What companies supply tadalafil (API) for CIALIS?
Tadalafil API suppliers vary by site and by market history because tadalafil is manufactured by multiple qualified plants over time. For diligence, the reliable source of truth is the marketing authorization dossier and regulatory listings that name specific API manufacturing sites and testing facilities.
API supply can include:
- API manufacturing sites (tadalafil synthesis and API bulk release)
- Intermediates and solid-state suppliers used for API crystallization, milling, and particle-size control
- API quality-control sites (testing and release)
Because supplier identity changes across manufacturing campaigns, site-level names should be taken from the most recent dossier/variation records for the specific jurisdiction and strength (most commonly 5 mg and 20 mg tablet presentations).
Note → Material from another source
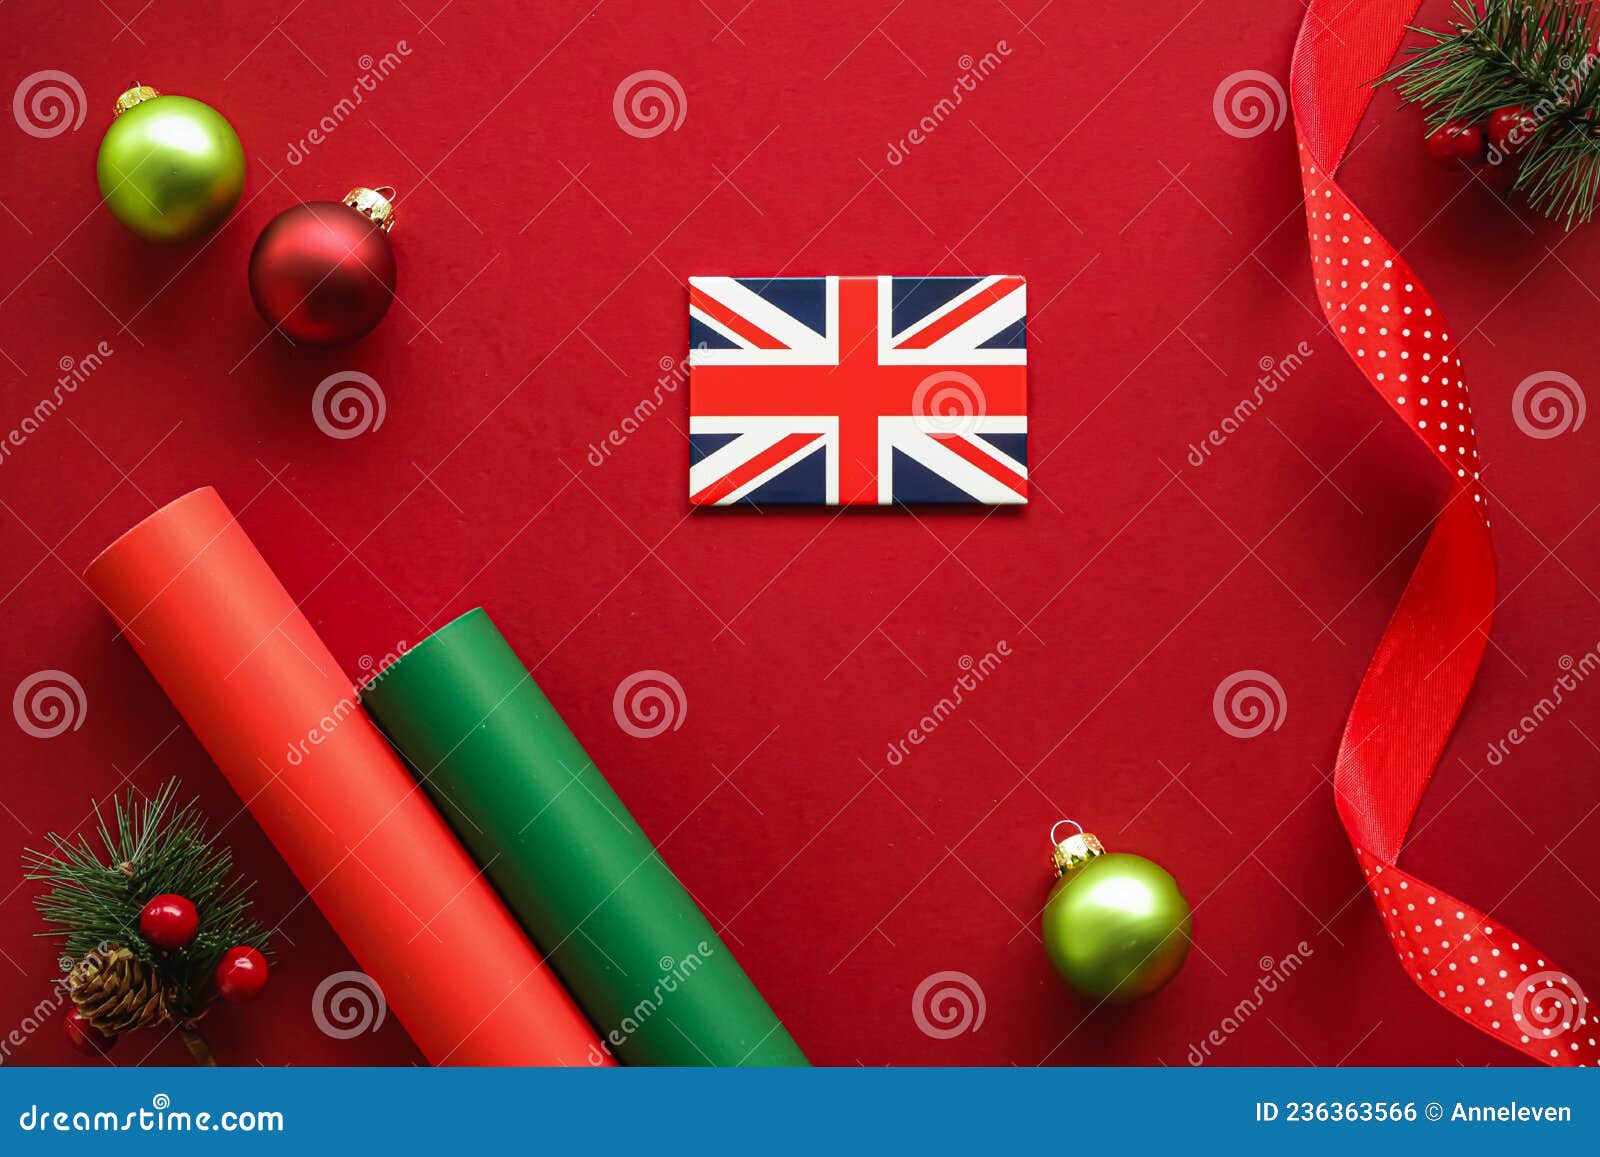 Đêm Giáng Sinh của người Anh luôn được tổ chức một cách trang trọng và gắn liền với nhiều truyền thống độc đáo. Hình ảnh này sẽ khiến bạn say mê và thích thú với những câu chuyện về lễ hội Giáng Sinh đậm chất Anh quốc.

Who manufactures and packs CIALIS tablets?
Finished-dose “suppliers” are typically contract manufacturing organizations (CMOs) or the marketing authorization holder’s manufacturing network, with responsibility for:
- Tablet compression and coating
- Tablet splitting (if applicable by strength/format)
- Packaging (bottles, blister packs) and labeling
- Batch release testing and importation (for certain markets)
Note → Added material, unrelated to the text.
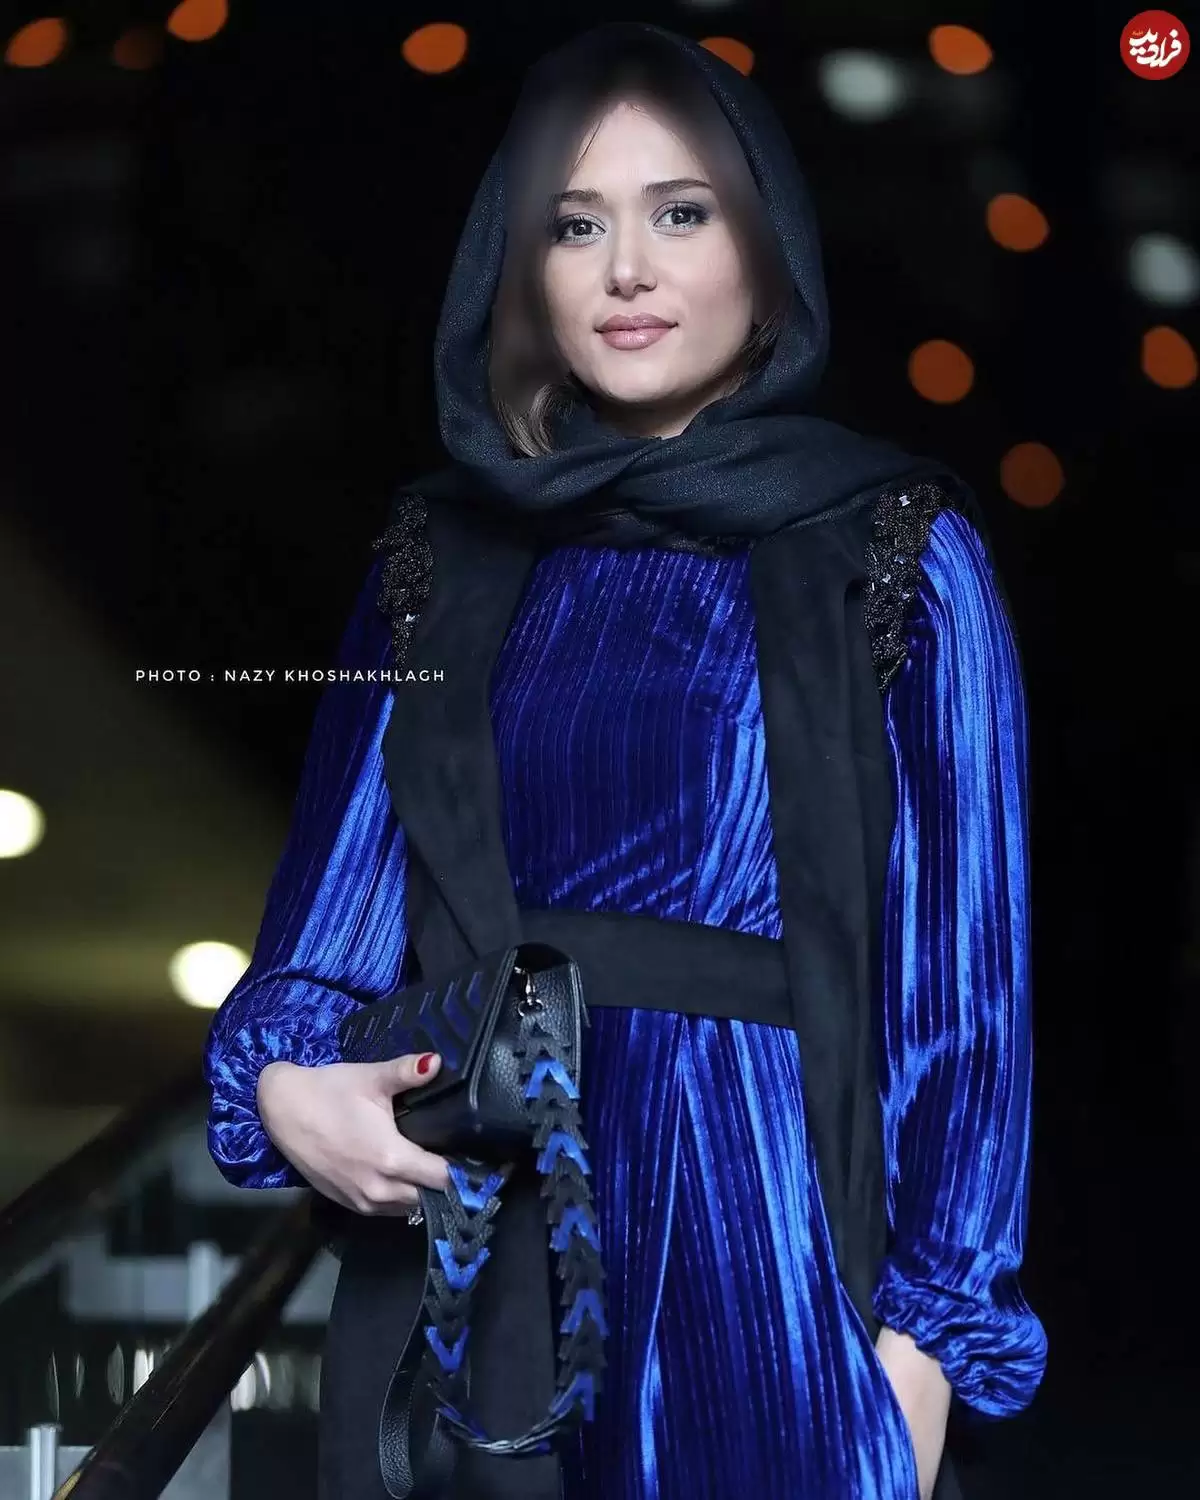 تغییر چهره شیرین سریال شهرزاد بعد 9 سال  -  زیبایی شرقی پریناز ایزدیار اینستاگرام را ترکاند!

As with API, the finished-dose manufacturer and packaging site names are jurisdiction- and time-dependent and must be confirmed through the latest regulatory product listing.
How to identify the correct supplier list for due diligence
Use a two-layer approach that maps to how regulatory systems track manufacturing responsibility:
1) API sites
- Pull the tadalafil API manufacturer(s) listed in the marketing authorization dossier
- Confirm the control strategy dependencies (impurity profiles, polymorph control, residual solvent limits)
2) Finished-dose sites
- Pull the finished product manufacturer(s) and packaging sites
- Confirm which sites perform:
- manufacture
- packaging/labeling
- import release
- batch release testing
Why CIALIS supplier lists are not fixed
CIALIS supply is managed through a network model, so “suppliers for CIALIS” can mean different roles:
| Supplier role | What it supplies | Who appears as the “supplier” in records |
|---|---|---|
| API supplier | tadalafil bulk | API manufacturer site(s) and testing/release site(s) |
| CMO for tablets | tadalafil tablets | Finished-dose manufacturer site(s) |
| Packaging supplier | blisters/bottles and labeled units | Packaging/labeling site(s) |
| Release/import site | batch release services | National release/importer entity in that market |
This is why the same product name can show different manufacturing sites over time under regulatory variations.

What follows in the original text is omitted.